I want to share this pragmatic intuition about rank-n types.
Rank-n is about understanding the very nature of parametric polymorphism.
Logicians and PLT theorists refer to it as System F or Girard–Reynolds type system.
Great reference with theoretical background: TAPL book, chapter 23 Universal Types
Polymorphic functions such as id :: forall a . a -> a can be used by caller
with any type a. The implementation, however, cannot assume anything about a.
(In lambda calculus terms - system F terms - as a caller
I want to be able to apply a given type (say Int) to type level expression
forall a. T(a) resulting in T(Int))
I want to be able to make such polymorphism first class, for example, I want polymorphic functions to be valid function arguments. I want to be able to define function types using polymorphic building blocks. Here is an example:
example :: (forall a. a -> a) -> String
This is exactly what 'System F' and rank-n is about.
SideNote: A native approach would be to define
naive :: forall a . (a -> a) -> String
Such defined native does not restrict it argument to only polymorphic functions,
rather it is itself polymorphic.
This complies just fine:
fInt :: Int -> Int
fInt = (+1)
wrong = naive idInt
and since the caller can make arbitrary decision about a the implementation cannot
(these will not compile:)
naive f = f "hello" -- compilation error
naive f = show . f $ (1 :: Int) -- compilation error
What we want is exactly the opposite!
This inversion of control is reminiscent of existential quantification and is
often used in Haskell for exactly this purpose (like in STMonad runST).

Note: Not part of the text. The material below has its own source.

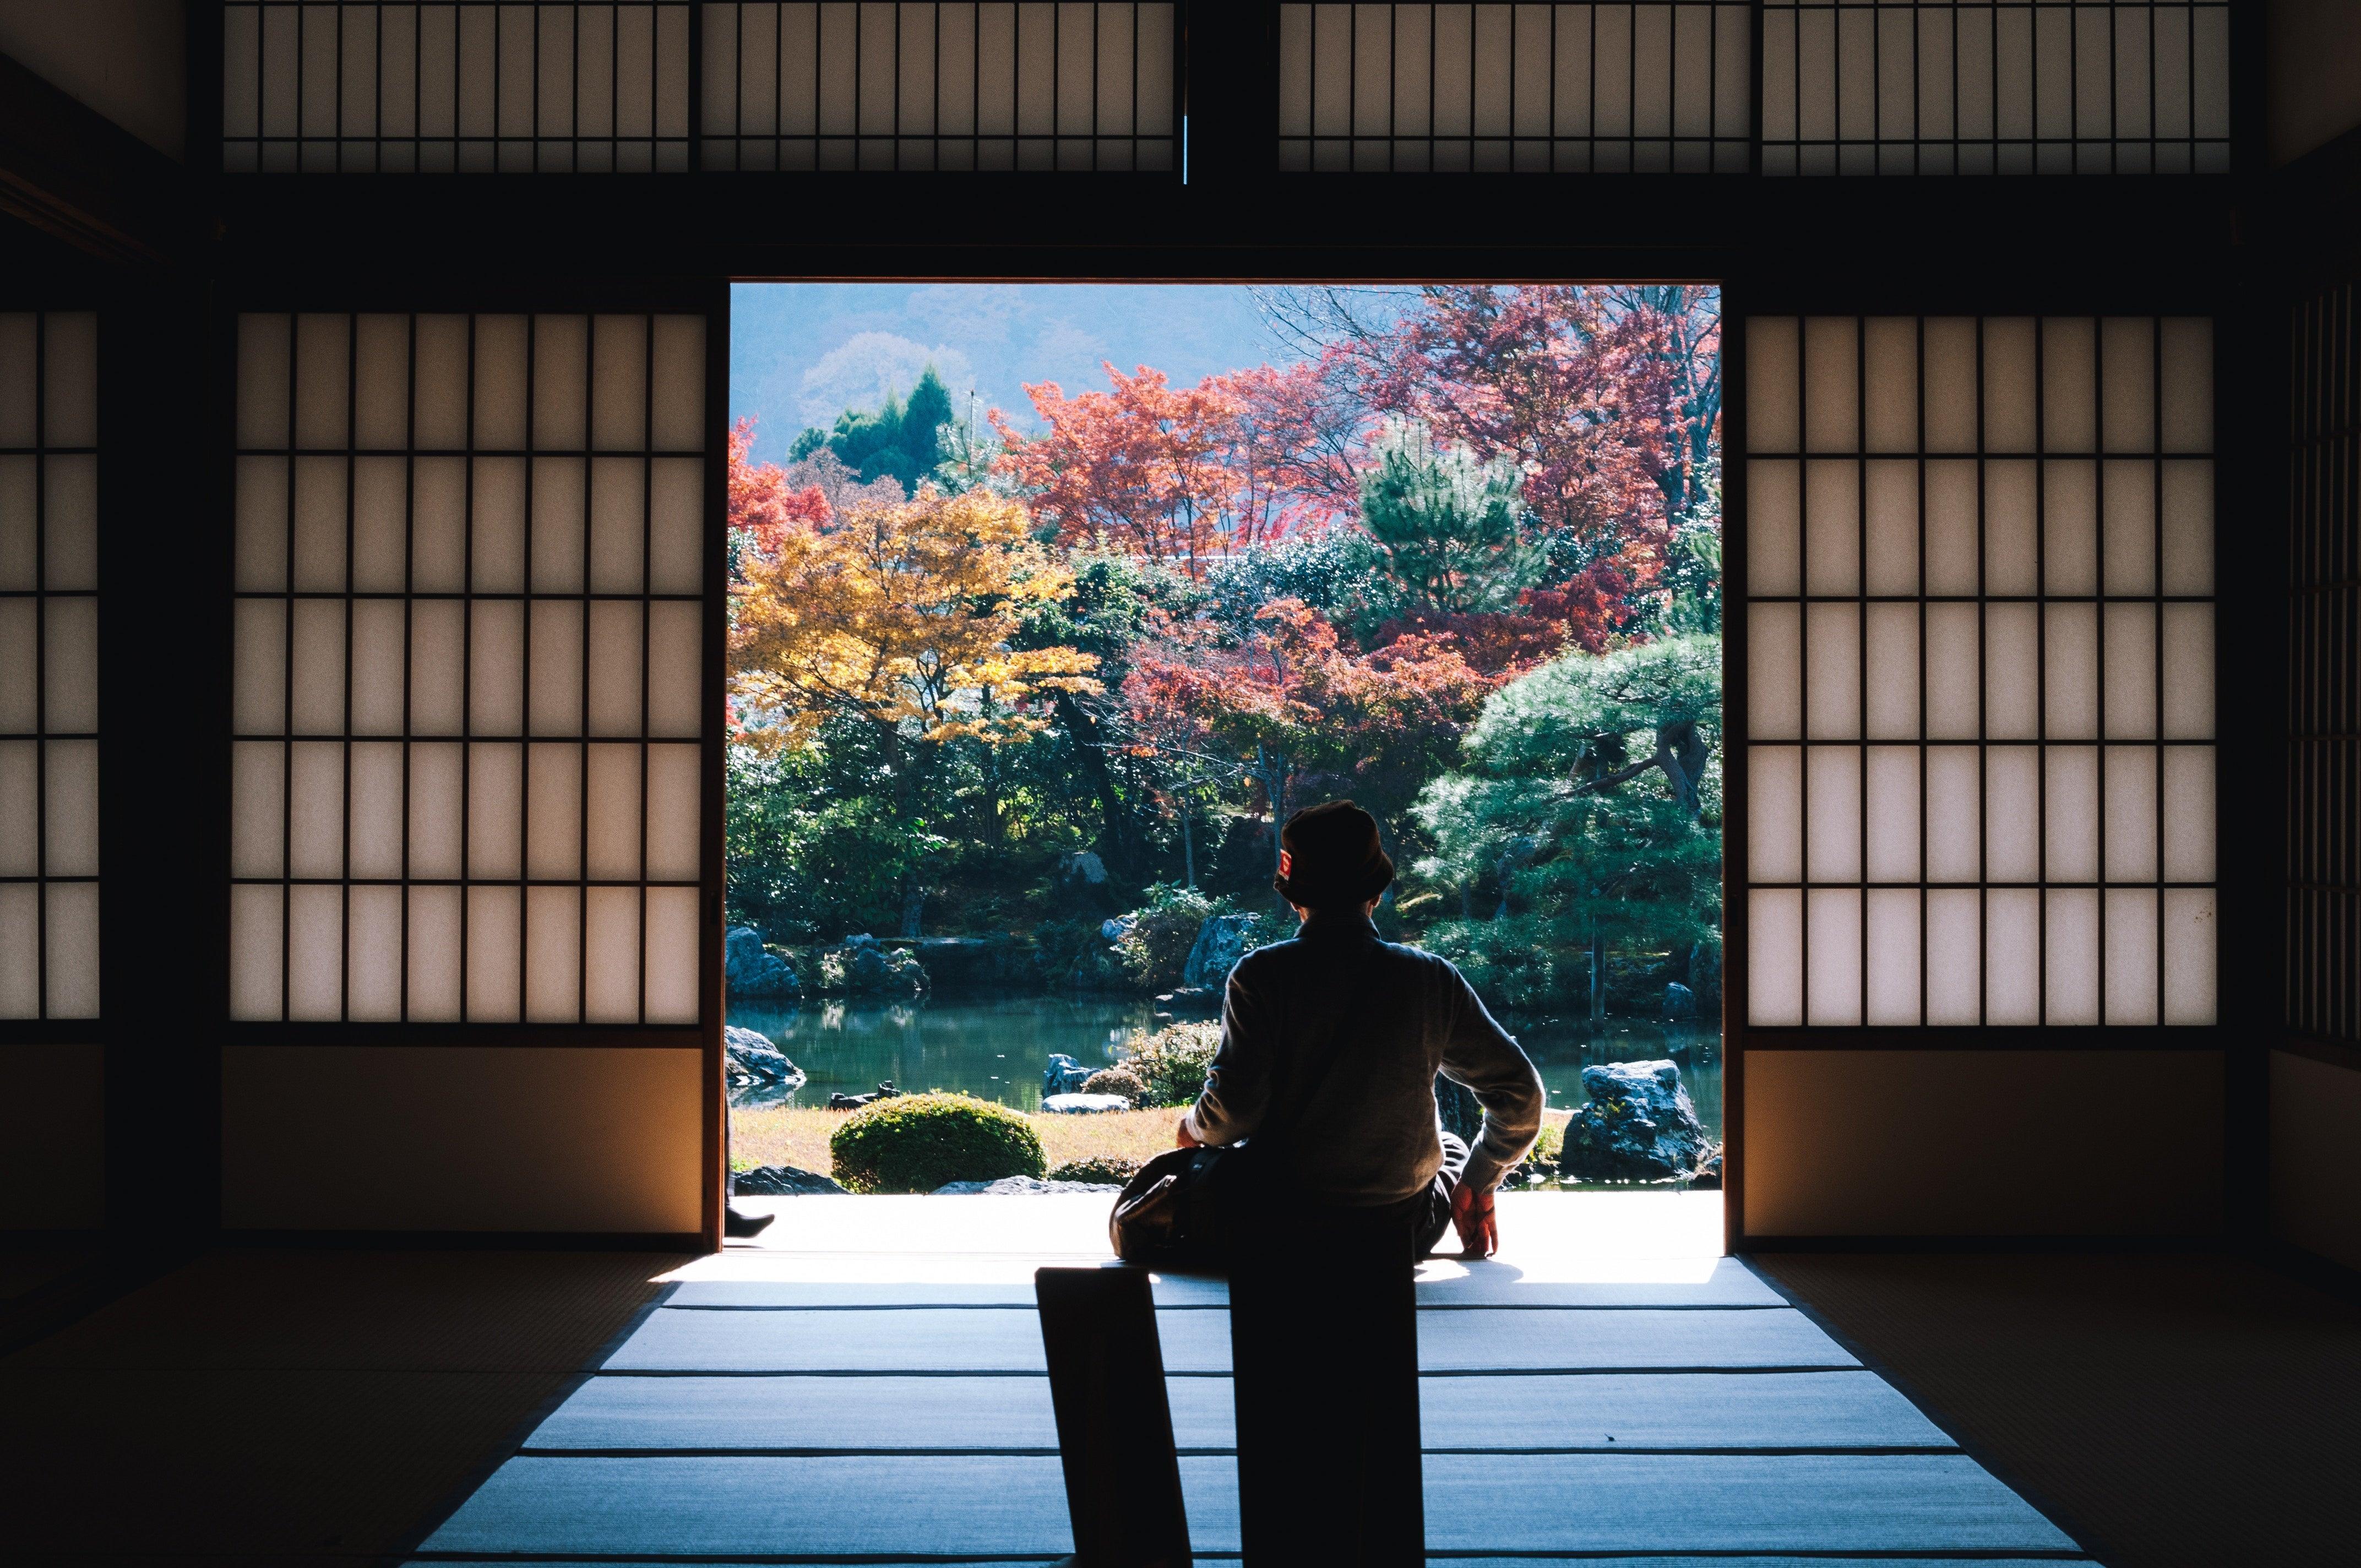 08_meditate_photo_by_MasaakiKomori_photo_via_Unsplash

This type application on a function argument (implementation specifies/restricts type on polymorphic input argument) translates on high level to this algebraic rule (maybe not very formally correct) :
(forall x. T x) -> a
reduces to:
exists x . T x -> a
End SideNote
It turns out that types with polymorphic building blocks are not easy to
implement and it is good to know where the polymorphic
building blocks are placed.
The question is 'how negative' these positions are.
Side Note: In the context of rank-n I like to think that:
In a -> b a is in negative position b in positive.
In (a -> b) -> c c has positive position, a and b are in negative.
a has even more negative position than b.
Enter ranked types.
Rank-n types allow localized type variable quantification,
n identifies how negative is the position where the quantifier can be placed.
Quoting TAPL book (see reference above):
"A type is said to be of rank 2 if no path from its root to a∀ quantifier passes
to the left of 2 or more arrows, when the type is drawn as a tree."
This definition generalizes to ranks higher than 2 hence the rank-n term.
Type checker can get in trouble with things like type reconstruction (inference) (which is undecidable for rank > 2).
(Edit 2020/05/11)
Haskell has a limited support for what is called impredicative polymorphism.
This has to do with type inference. Basically polymorphic functions are not
first class in Haskell.
(see impredicative in ghc user guide).
There is an ImpredicativeTypes pragma but it is supposed to be not good.
There are good workaround for these issues (creating wrapping types for polymorphic functions, and annotating types (e.g. using TypeApplications)
helps with the problems).
{-# LANGUAGE RankNTypes #-}
module Play.RankN where
-- type application example (rank 2)
example2 :: (forall a . a -> a) -> (Int, String)
example2 f = (f 2, f "hello")
testExample2 = example2 id
-- | another rank 2 example
example2' :: (forall a . a -> a) -> Int
-- this will not compile:
-- Couldn't match type ‘a0 -> a0’ with ‘forall a. a -> a’
-- example2' = fst . example2
-- neither will this:
-- example2' f = fst . example2 $ f
example2' f = fst (example2 f)
testExample2' = example2' id
-- | rank 3 example (note caller and implementation are again reversed)
example3 :: ((forall a . a -> a) -> Int) -> String
-- ghc has problems compiling:
-- example3 f = show . f $ id
example3 f = show (f id)
testExample3 = example3 example2'and these will not compile (as expected)
badTestExample2 = example2 (++ "") --^ (++ "") :: String -> Strings
example3 f = show (f (++ "")) --^ (++ "") :: String -> Strings
Note example3 implementation uses ad-hoc show that is not valid for all types.
This generalizes System F type application to typeclass constraints.
ghci:
*Play.RankN> testExample2
(2,"hello")
*Play.RankN> testExample2'
2
*Play.RankN> testExample3
"2"
Idris can use
implicit type arguments
to accomplish equivalent functionality.
Note Idris does not seem to have the same problems as Haskell does.
module Play.RankN
example2 : ({a : Type} -> a -> a) -> (Int, String)
example2 f = (f 2, f "hello")
example2' : ({a : Type} -> a -> a) -> Int
example2' = fst . example2
-- also compiles and works fine
-- example2' f = fst . example2 $ f
example3 : (({a : Type} -> a -> a) -> Int) -> String
example3 f = show . f $ id idris repl:
*Play/RankN> example2 id
(2, "hello") : (Int, String)
*Play/RankN> example3 example2'
"2" : String